RECORDS FOR THIS EXERCISE =>
--
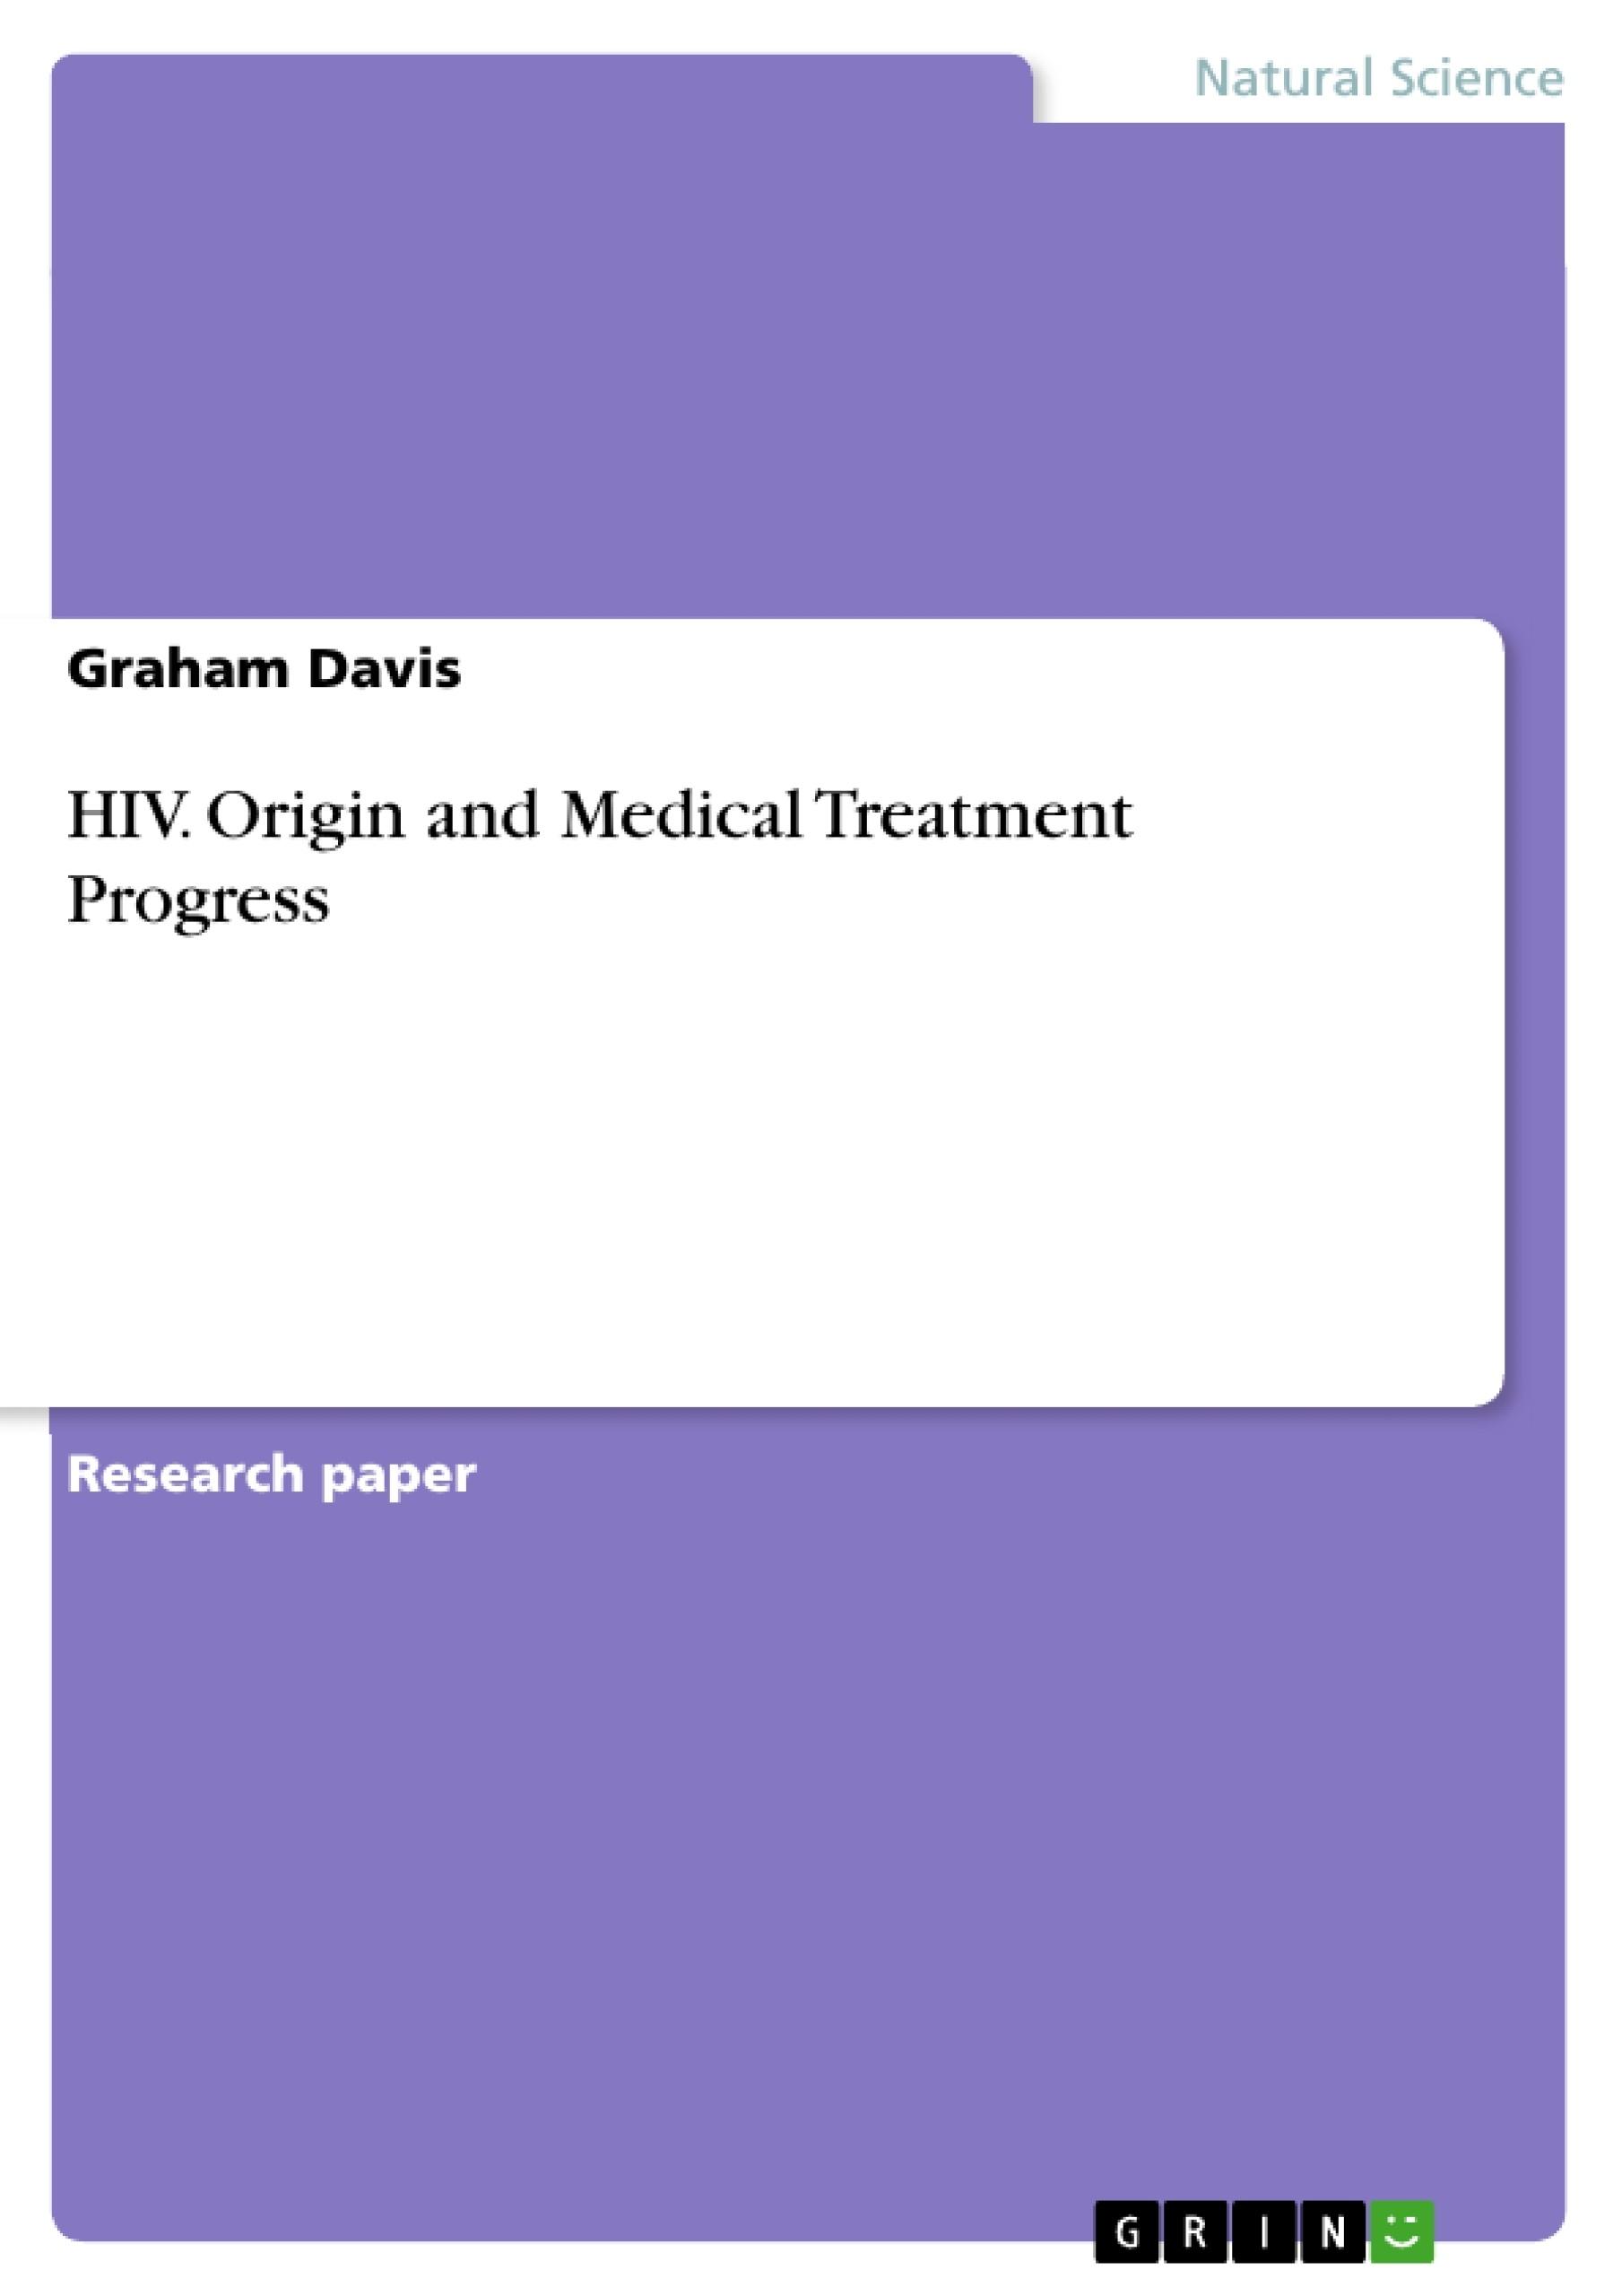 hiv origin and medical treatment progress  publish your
--
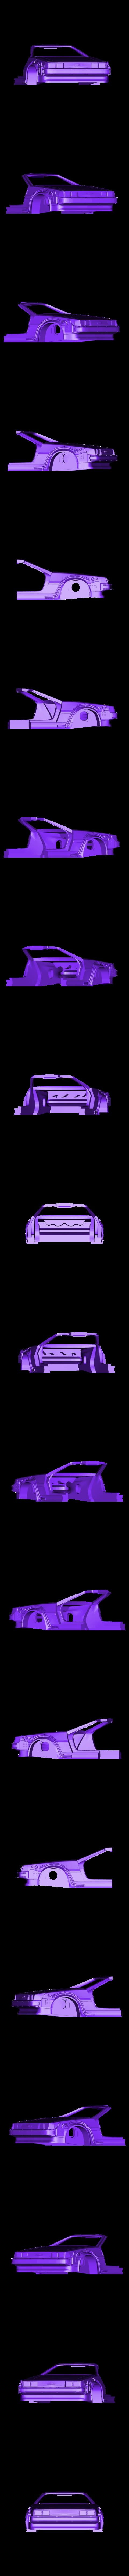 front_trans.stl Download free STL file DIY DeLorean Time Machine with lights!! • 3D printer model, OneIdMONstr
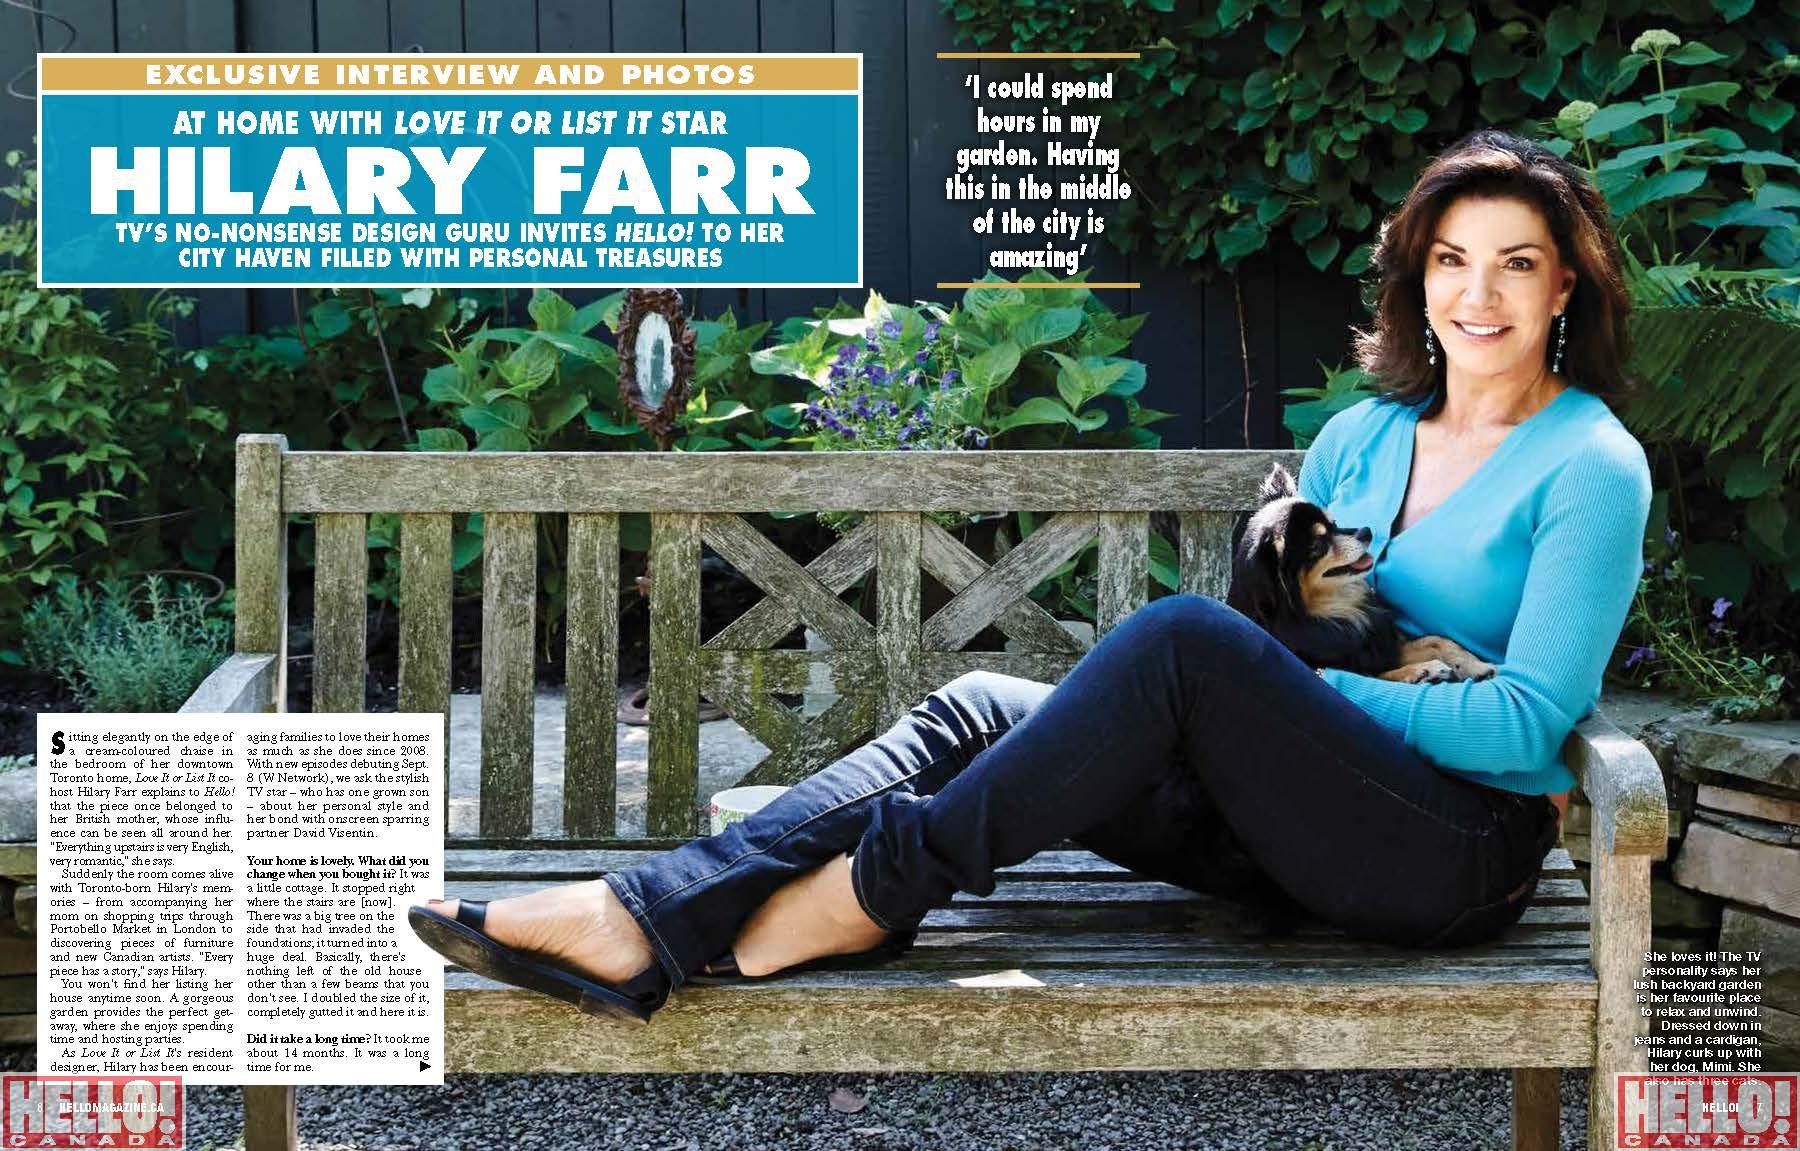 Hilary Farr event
--
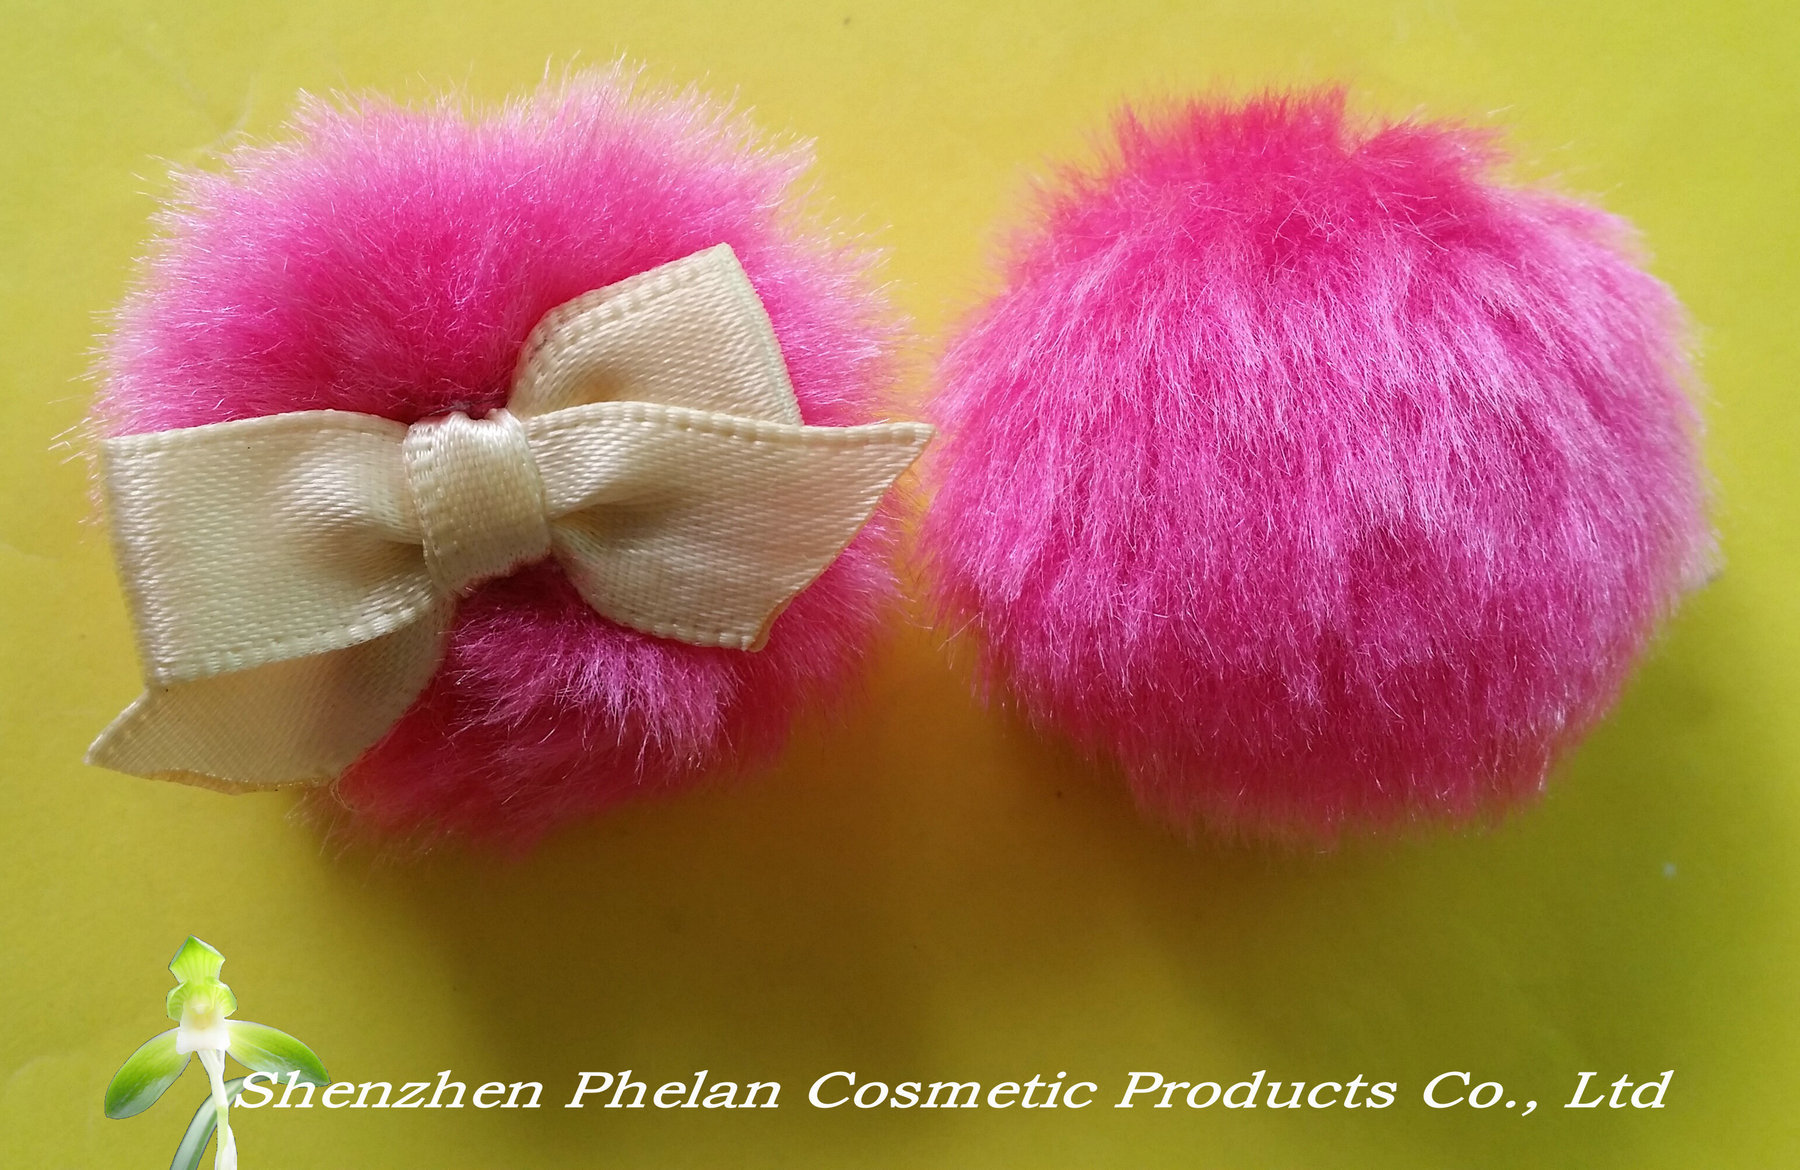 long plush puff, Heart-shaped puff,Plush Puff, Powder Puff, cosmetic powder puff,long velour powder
--
WHAT NEEDS TO BE DONE =>
Leaving each picture behind, please give again exactly the lines above from the one with "front_trans.stl Download free" through the one with "Hilary Farr event", both included, and no others.

WRITTEN SOLUTION =>
 front_trans.stl Download free STL file DIY DeLorean Time Machine with lights!! • 3D printer model, OneIdMONstr
 Hilary Farr event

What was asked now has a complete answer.